South Carolina Ethics Advisory Opinion says SC Lawyers Can Use “Daily Deal” Websites That Offer Discounted Rates to Market Legal Services

                Hello everyone and welcome to this JACPA Ethics Alert which discusses the recent South Carolina Ethics Advisory Opinion which states that lawyers can use “daily deal” websites (i.e. Groupon) which offer services at discounted rates to market legal services.  The SC Ethics Opinion number is 11-05 and is available on the South Carolina Bar’s website at www.scbar.org.

The facts set forth in the advisory opinion are as follows:  a South Carolina lawyer wanted to use “daily deal” websites that offer products and services at discounted rates to market legal services.  The customers/website users purchase a voucher through the website to be redeemed for a discounted product or service, in this case legal services.  The purchase price would be split between the website offering the voucher and the lawyer.  The lawyer wanted to offer legal services such as the preparation of wills.

The issue as framed by the advisory opinion was whether a lawyer violates the SC Rules of Professional Conduct by contracting with a website to offer vouchers that can be purchased from the website and then subsequently redeemed for discounted legal services.

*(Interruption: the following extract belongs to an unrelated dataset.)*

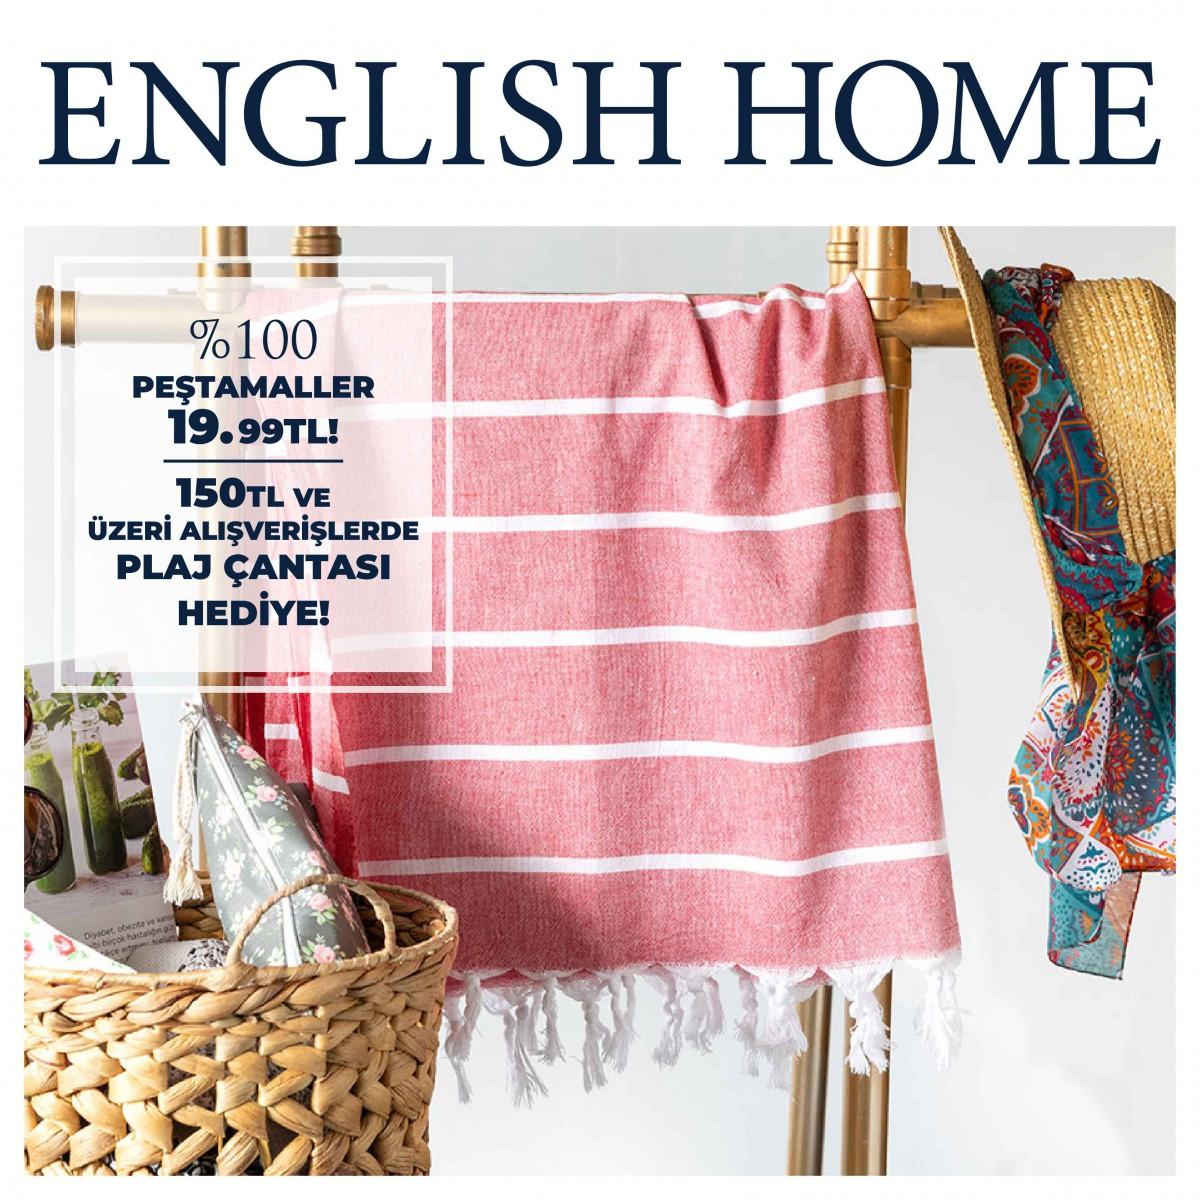 Denize gitmeden English Home'a uğramayı unutmayın!
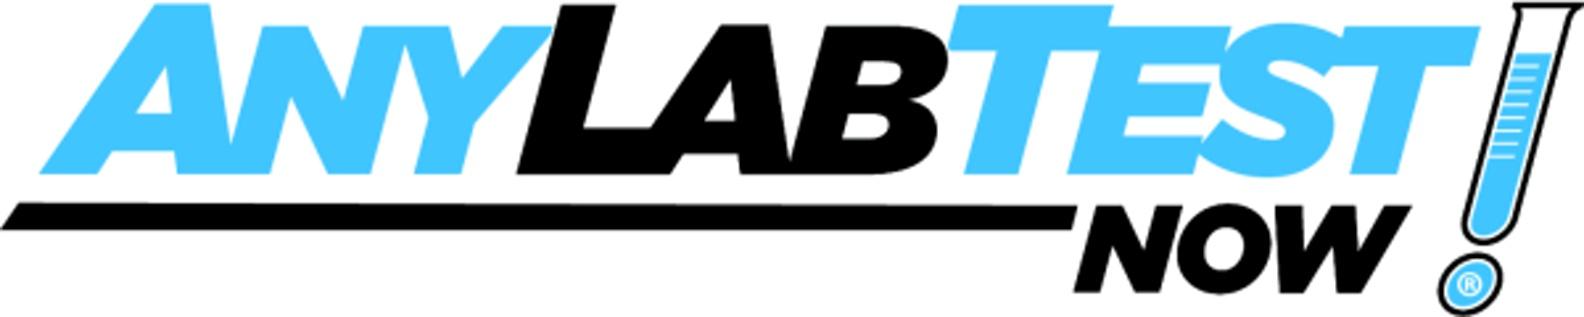 Any Lab Test Now - Altn-Mckinney Logo

The opinion concluded that the use of “daily deal” websites to sell vouchers to be redeemed for discounted legal services does not violate prohibition of SC Rule 5.4(a) prohibiting the sharing of legal fees; however, the attorney was cautioned that the use of such websites must be in compliance with Rules 7.1 and 7.2 and could lead to violations of several other rules if logistical issues were not appropriately addressed.

The following rationale was used to support the above conclusion: “(t)he fee charged by a company for use of its service (a percentage of the money paid by the customer for the discounted coupon) constitutes the payment of “the reasonable cost of advertisements or communications” permitted under Rule 7.2(c)(1) and not the sharing of a legal fee with a non-lawyer prohibited by Rule 5.4(a).  The fact that the charge for this form of advertising service is deducted up front by the company rather than invoiced and then paid from the lawyer’s operating account does not transform the transaction from the payment of advertising costs into an improper fee split.  To the extent the payment to the companies of a percentage of the coupon value as a cost of participating in the service does constitute a splitting of a fee with a non-lawyer, the members of this group (committee) believe it would violate the prohibition as written in Rule 5.4(a).”

The opinion also provided a secondary rationale for the conclusion: “the transaction does constitute the splitting of an attorneys’ fee with a non-lawyer, but that the prohibition of fee-splitting in Rule 5.4(a) only applies in situations where such fee-splitting interferes with “the lawyer’s professional independence of judgment” on behalf of the client as stated in comment one to the rule.”  If the website does not have the ability to exercise any control over the services which are to be subsequently rendered by the attorney, there would be no violation of Rule 5.4(a) (the functional equivalent to Florida Bar Rule 4-5.4).

The opinion cautioned:  “(w)hile the use of “daily deal” websites may not be prohibited by Rule 5.4(a), the Committee is concerned with the effect the use of such websites may have on the reputation of the legal profession if the attorney does not ensure compliance with the Rules of Professional Conduct concerning advertisements.   For this reason, the lawyer is cautioned that the use of “daily deal” websites must be in compliance with Rules 7.1 and 7.2.  The lawyer is responsible for the communication to potential clients which she asked to be placed on the “daily deal” website.  The opinion also stated that the committee did not believe the use of “daily deal” websites would violate the requirements of Rule 7.3 concerning contact with prospective clients, because the lawyer will not be communicating directly with the users of the website and because the lawyer does not know whether the prospective clients who may use the website will be in need of legal services in a particular matter.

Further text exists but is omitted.